3. Build roadmaps to achieving gender equality that include small, practical steps. Small businesses are often concerned that closing gender gaps may take time away from their funding efforts or business goals. However, simple, actionable changes, like enacting a maternity leave policy, can create sustainable benefits over time. Renew Strategies is developing a playbook that offers a step-by-step guide with checklists, tools, and templates to help businesses achieve gender equality without compromising their operational efficiency. 

4. Be intentional about outcomes. Investing in women should run the whole gamut of the investment cycle from eligibility through value-creation to exit, and from boardroom to factory-floor. Gender consciousness should be embedded in the investment thesis, strategy, goals, and relevant metrics that can be tracked throughout the life of the investment. In supporting small businesses, especially women-led businesses, Alitheia’s approach is to assess the gender performance of a business at pre-investment stage,and place the company on a spectrum ranging from Gender Negative to Gender Strategic, depending on the company’s level of gender consciousness and intentionality. This is demonstrated in Alitheia IDF‘S portfolio company, ReelFruit. Alitheia has worked closely with them to determine a path to being Gender Strategic including relevant metrics.

5. Embed a gender-lens into the investment process and business value chain. A gender lens must be applied at every stage of the fund’s investment process, and at every level of a company’s value chain. The Alitheia IDF gender lens toolkit successfully operationalizes the fund’s thesis of supporting women wherever they are economically active either as owners, employees, supply chain players (as producers, processors, distributors), or customers. This is particularly pertinent given the preponderance and critical role of women actors in the value-chain of businesses that enable access to essential goods and services. Alitheia IDF’s (AIF) investment in Jetstream Africa, a tech-logistics platform, illustrates the strategic use of the toolkit to embed a gender lens throughout all stages of the investment process. 

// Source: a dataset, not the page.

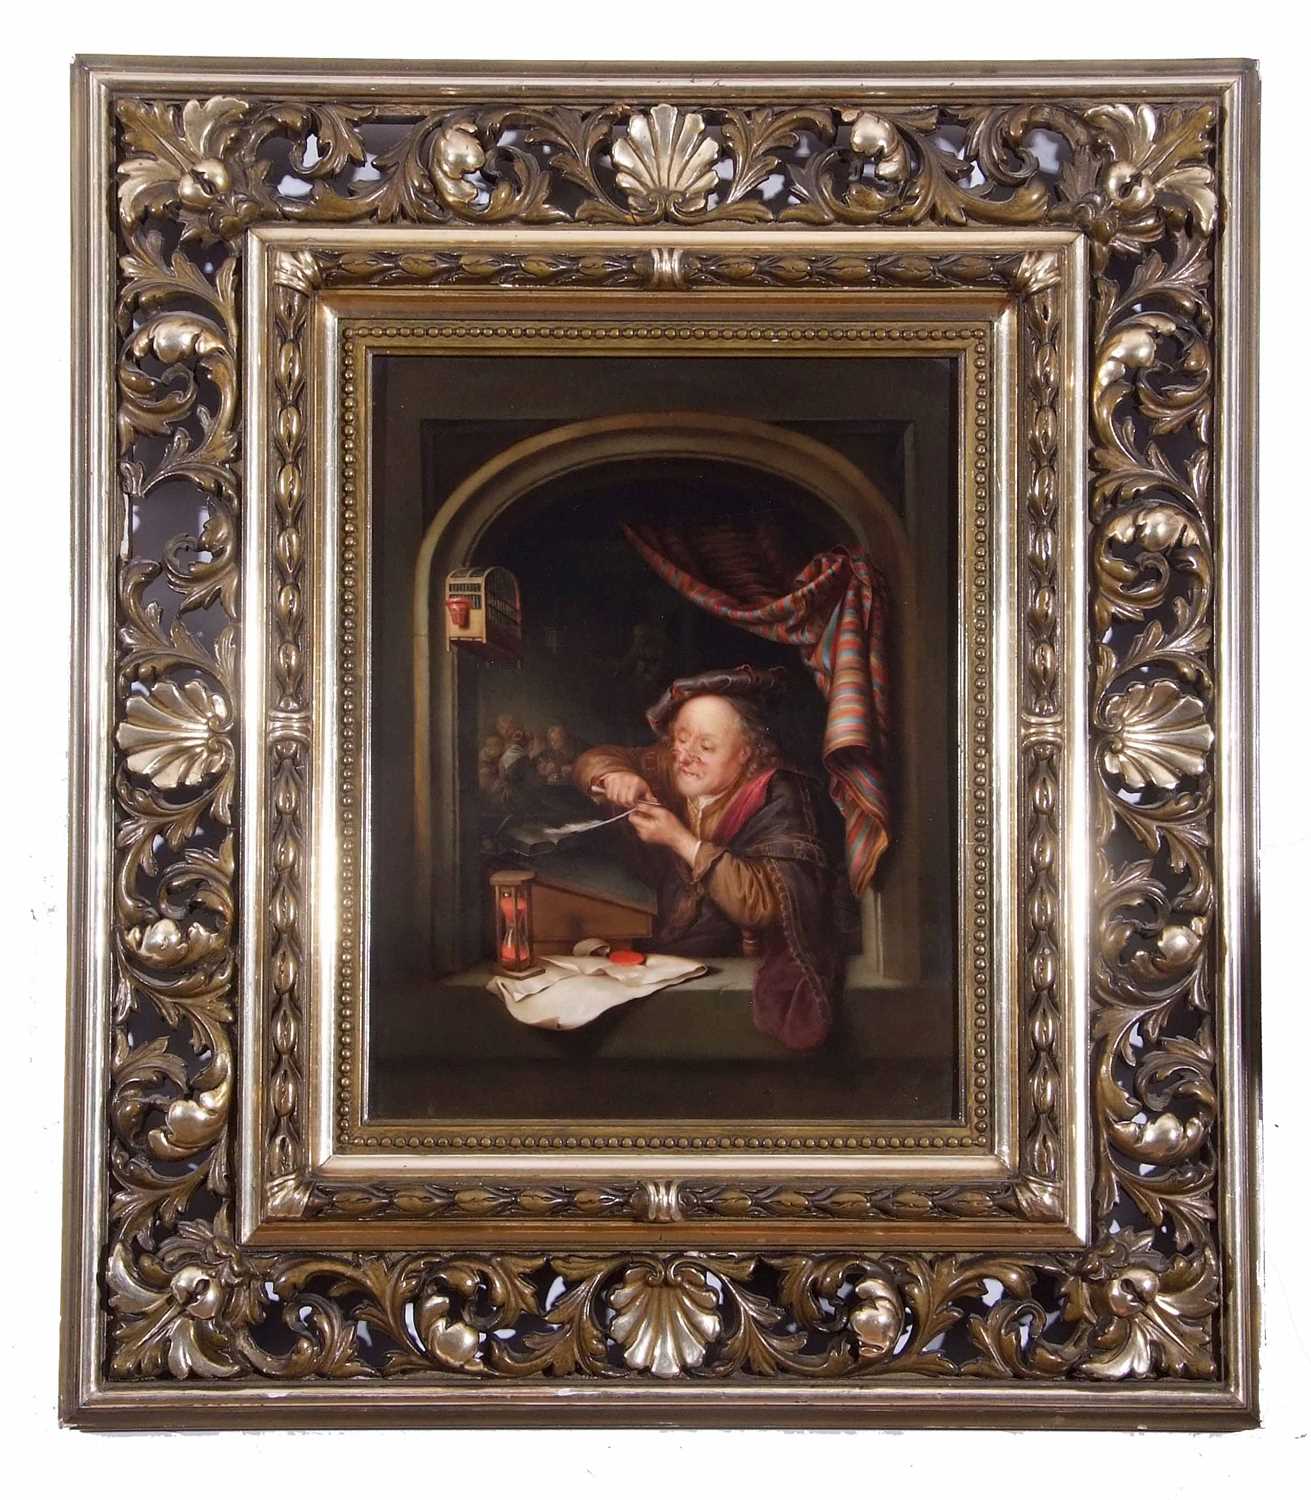 A Meissen porcelain plaque depicting an old schoolmaster sharpening his quill with children in a - Image 2 of 3

6. Support female fund managers. Women remain underrepresented at the investor level where funding decisions are made. For instance, women fund managers make up less than 25% of the total fund managers active on the African continent. To support female entrepreneurs effectively and unleash women’s full economic potential as entrepreneurs and consumers, this underrepresentation must be addressed. Diverse representation at the decision-making level of funders through to the businesses that benefit from their funding and the broader ecosystem of the value-chains of such businesses, is essential. 

Small, growing businesses have an essential role to play in achieving gender equality, but they need the full backing of financial institutions and support service providers dedicated to cultivating an entrepreneurial ecosystem that is both inclusive and supportive of women. Advancing women as successful business owners today enhances local job creation, helps countries advance their progress towards SDG 5 and other SDGs, and is a valuable investment that will continue to pay dividends in creating sustainable benefits for generations to come.


Tokunboh Ishmael is co-founder and managing director of Alitheia Capital. Richenda Van Leeuwen executive director of Aspen Network of Development Entrepreneurs.